What you will do: All lines below starting at the one that holds "vector floral black" and ending at the one that holds "5-fun-summer-crafts-for-kids-love-these-art-project-ideas" should be printed exactly, ends included. Pictures should not be printed, nor anything else.

Records shown:
——

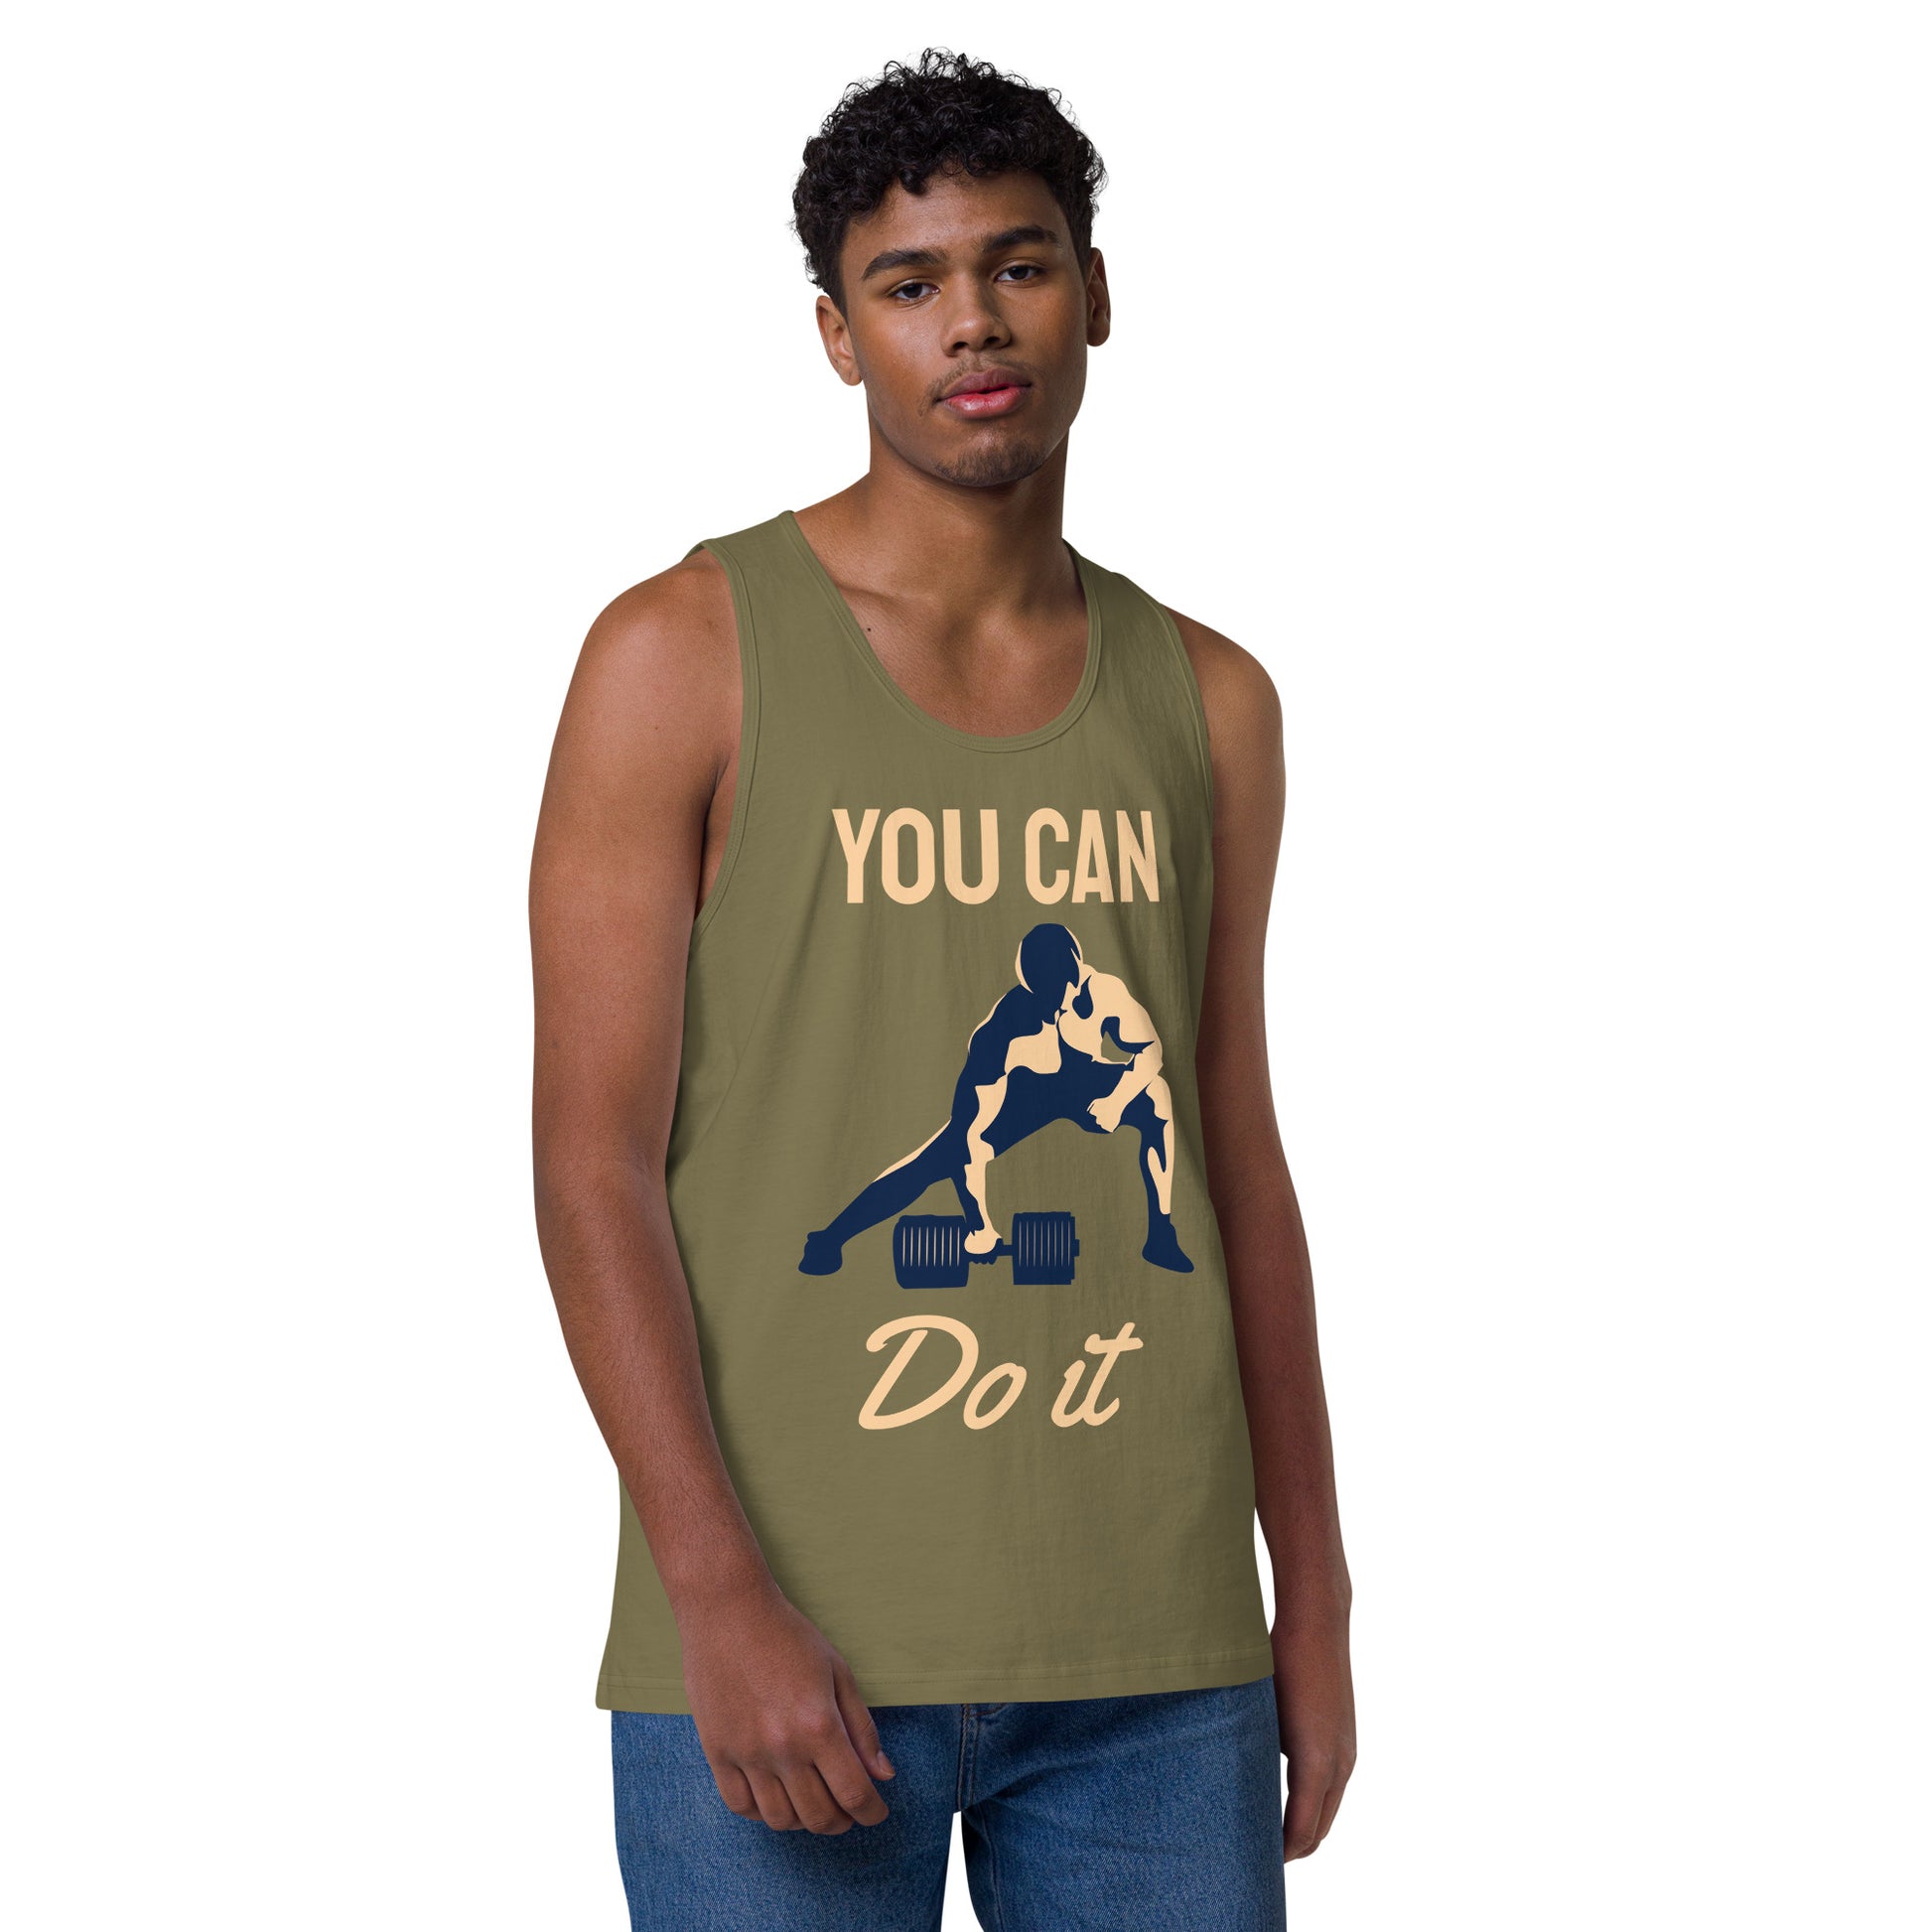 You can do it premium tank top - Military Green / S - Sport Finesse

——

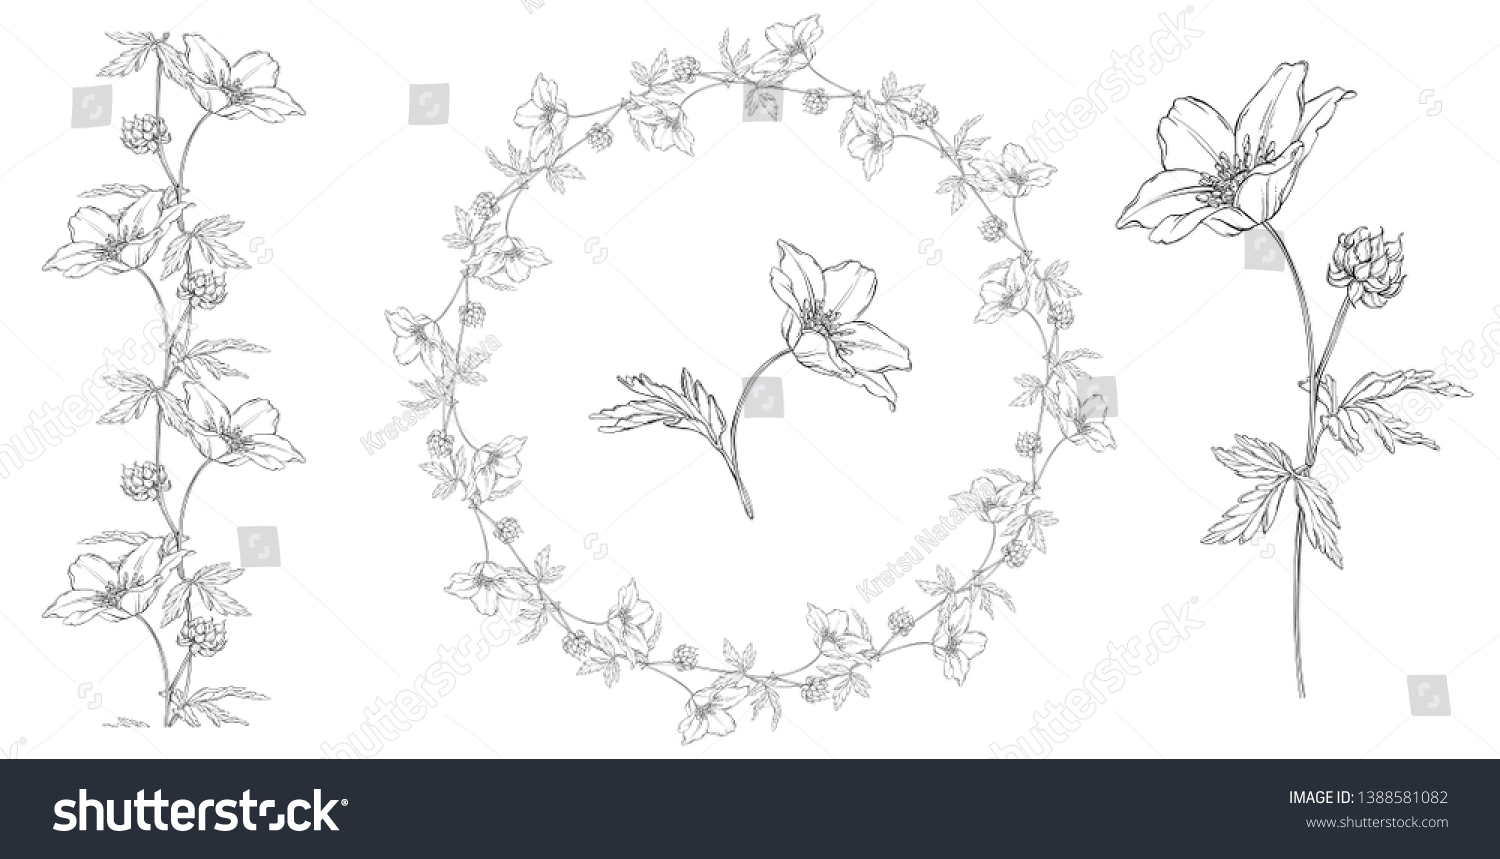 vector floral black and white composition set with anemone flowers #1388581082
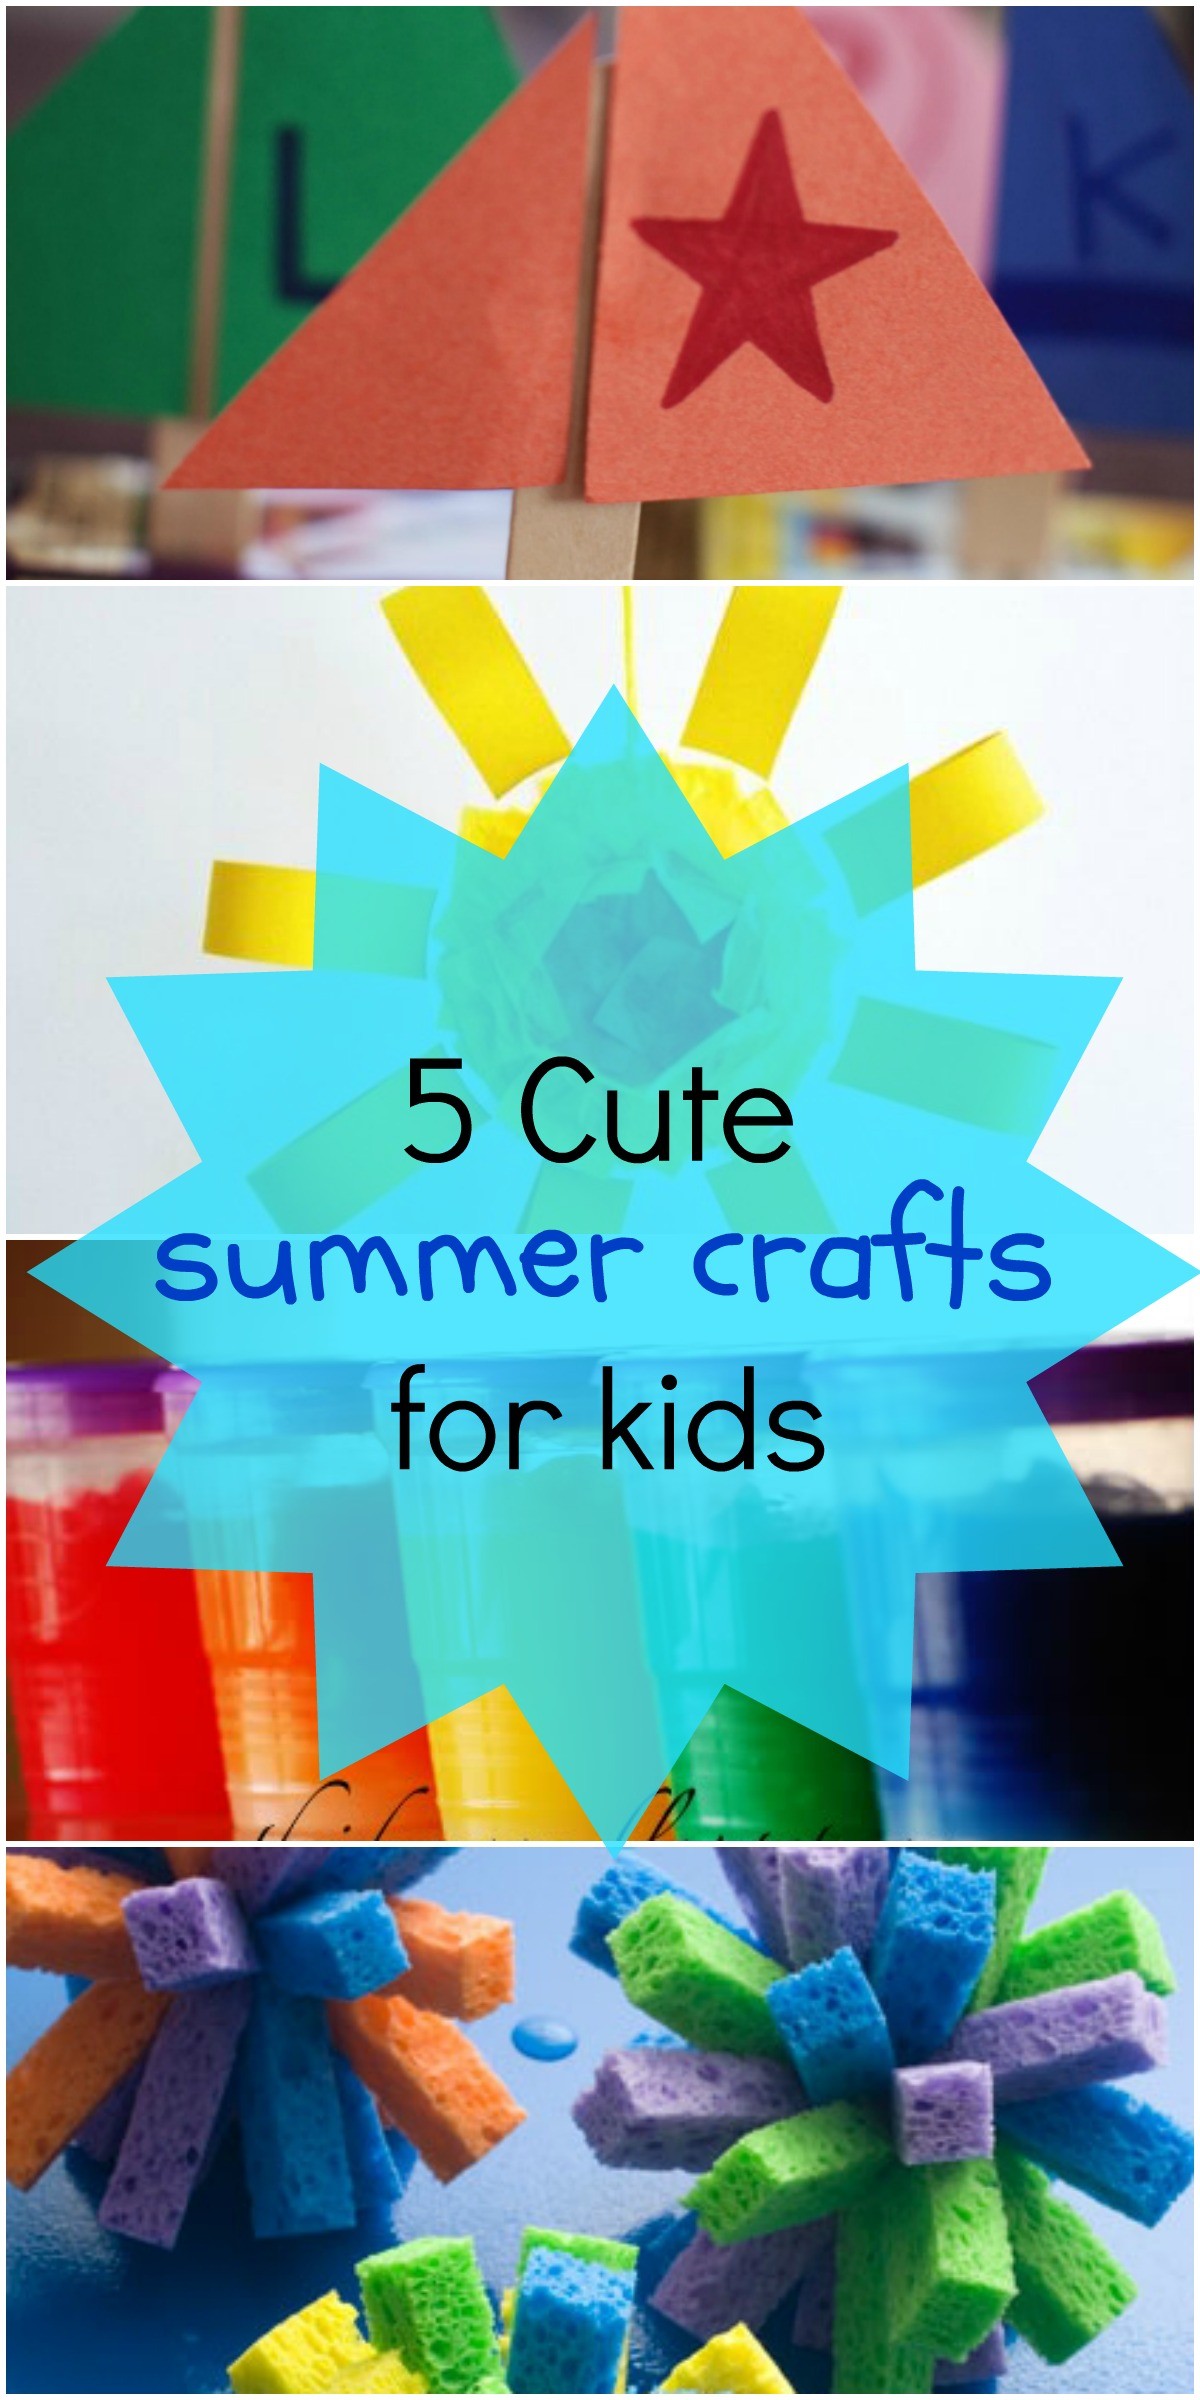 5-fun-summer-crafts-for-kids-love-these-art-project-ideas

——

Solution to the exercise:
 vector floral black and white composition set with anemone flowers #1388581082
 5-fun-summer-crafts-for-kids-love-these-art-project-ideas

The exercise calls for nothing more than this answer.